Given material:

--*--

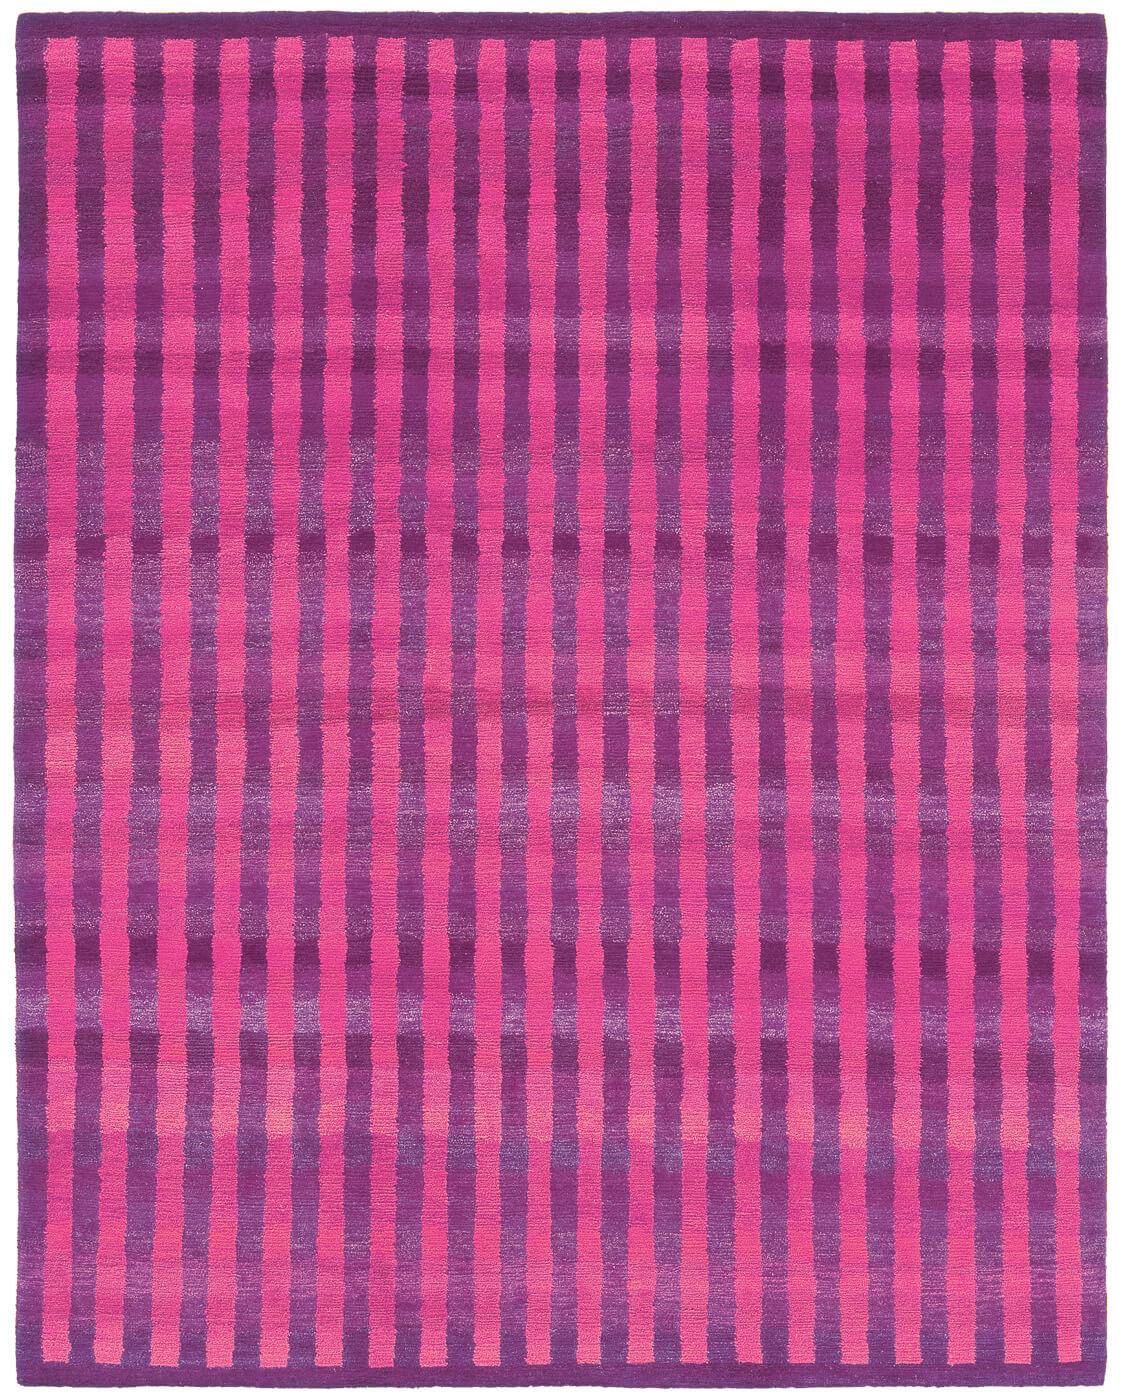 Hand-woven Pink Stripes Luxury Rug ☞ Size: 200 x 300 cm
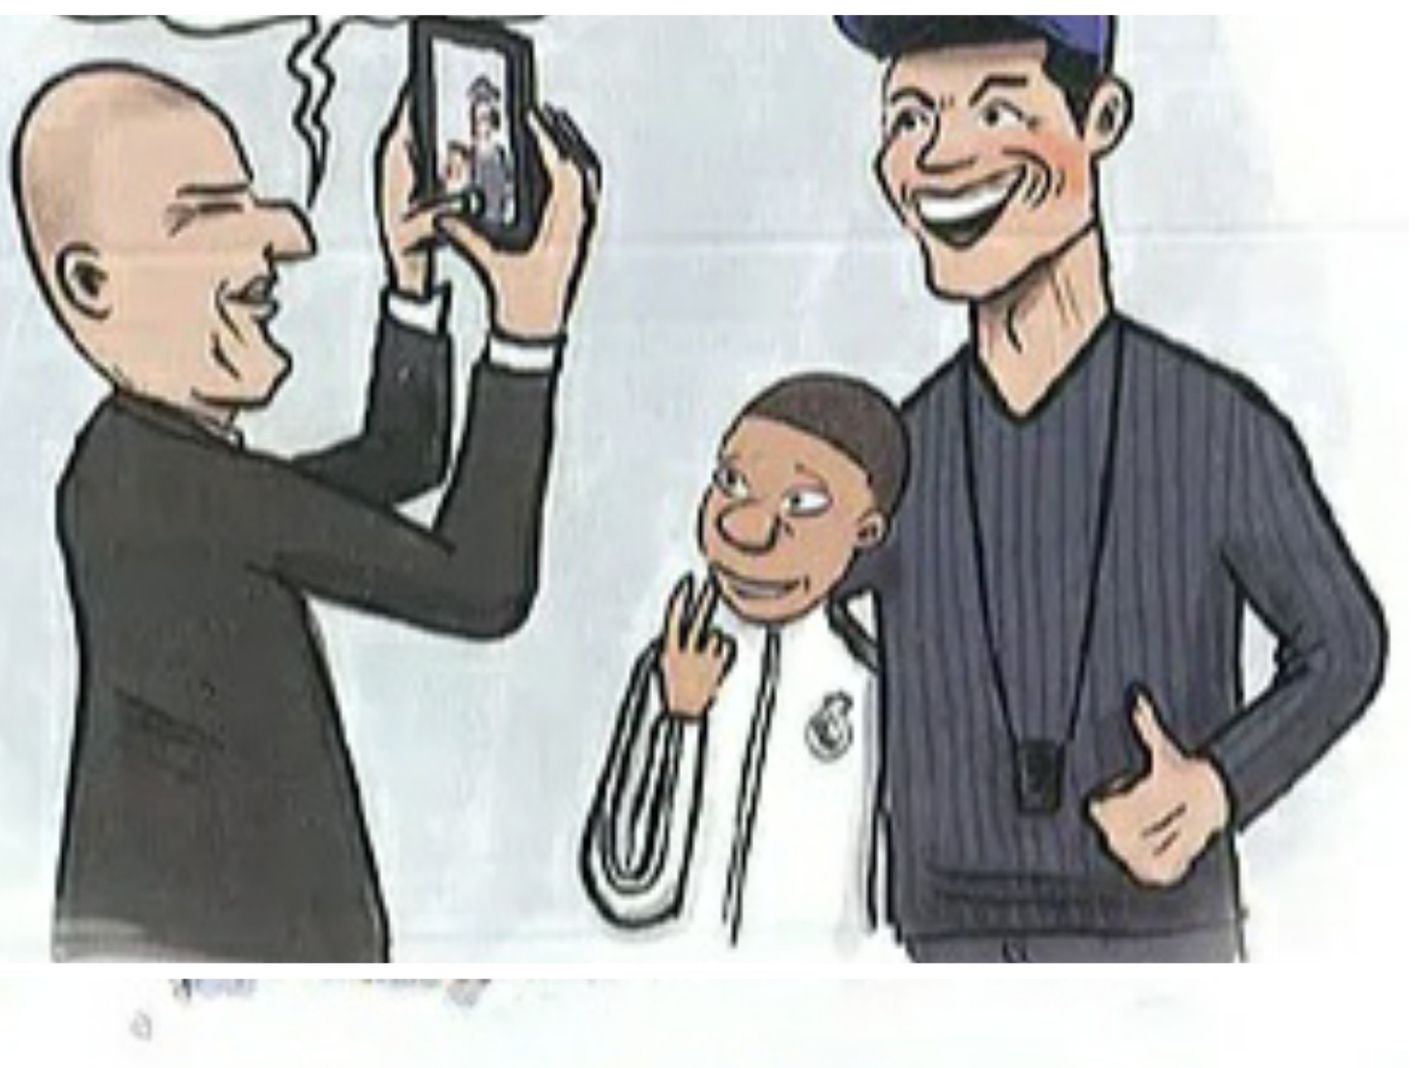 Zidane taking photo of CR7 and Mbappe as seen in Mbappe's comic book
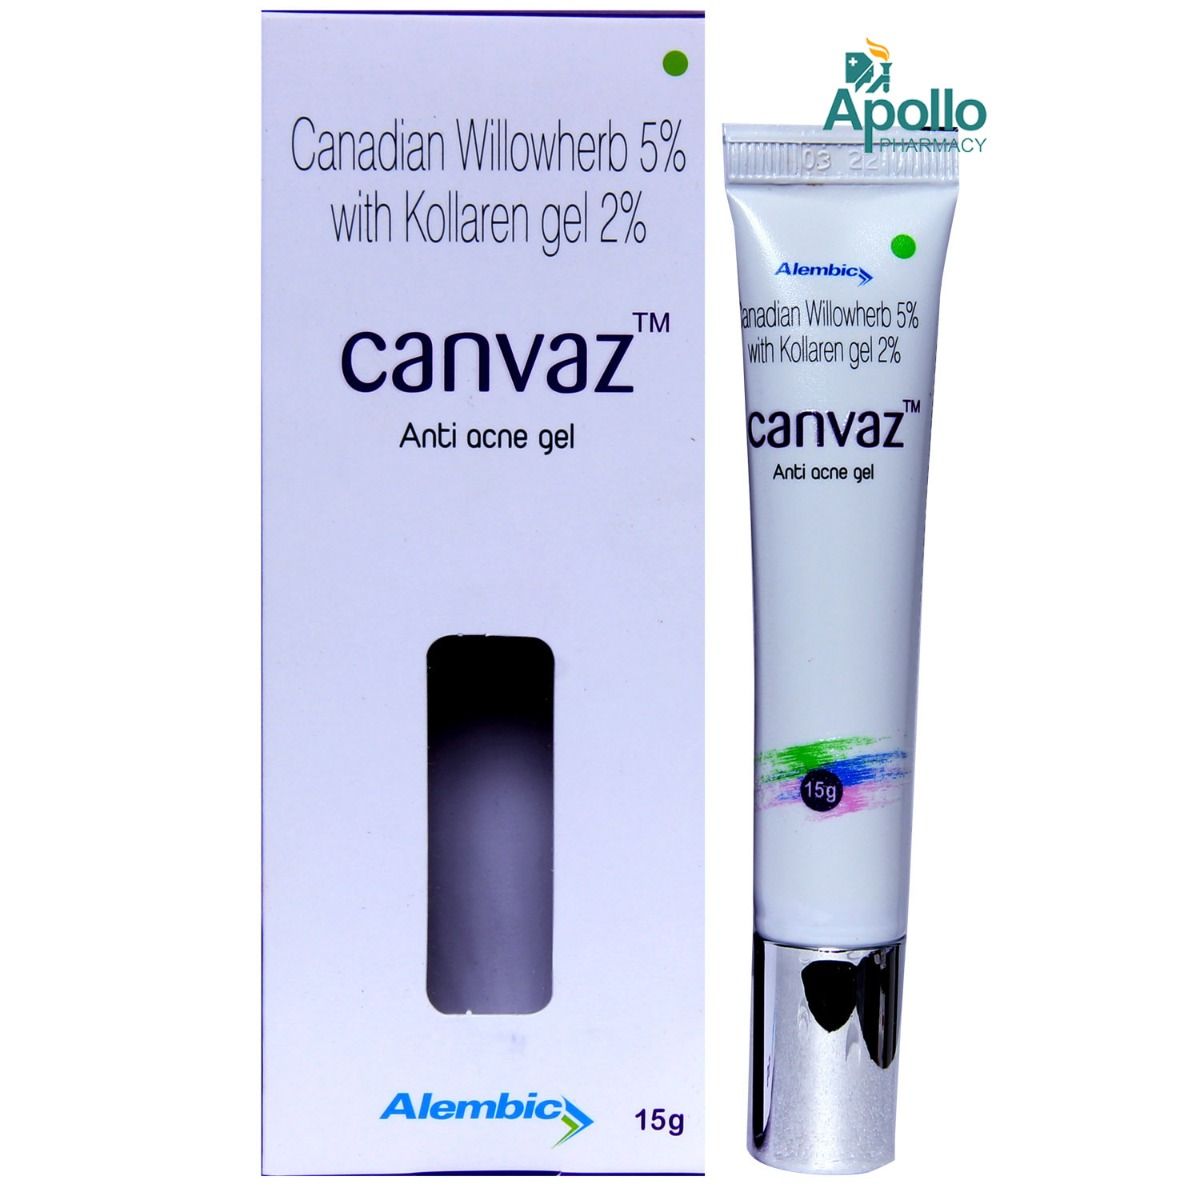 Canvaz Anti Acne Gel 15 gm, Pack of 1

--*--

Your assignment:
Where the material above includes pictures, omit them and retype everything else exactly.

Response to this exercise:
 Hand-woven Pink Stripes Luxury Rug ☞ Size: 200 x 300 cm
 Zidane taking photo of CR7 and Mbappe as seen in Mbappe's comic book
 Canvaz Anti Acne Gel 15 gm, Pack of 1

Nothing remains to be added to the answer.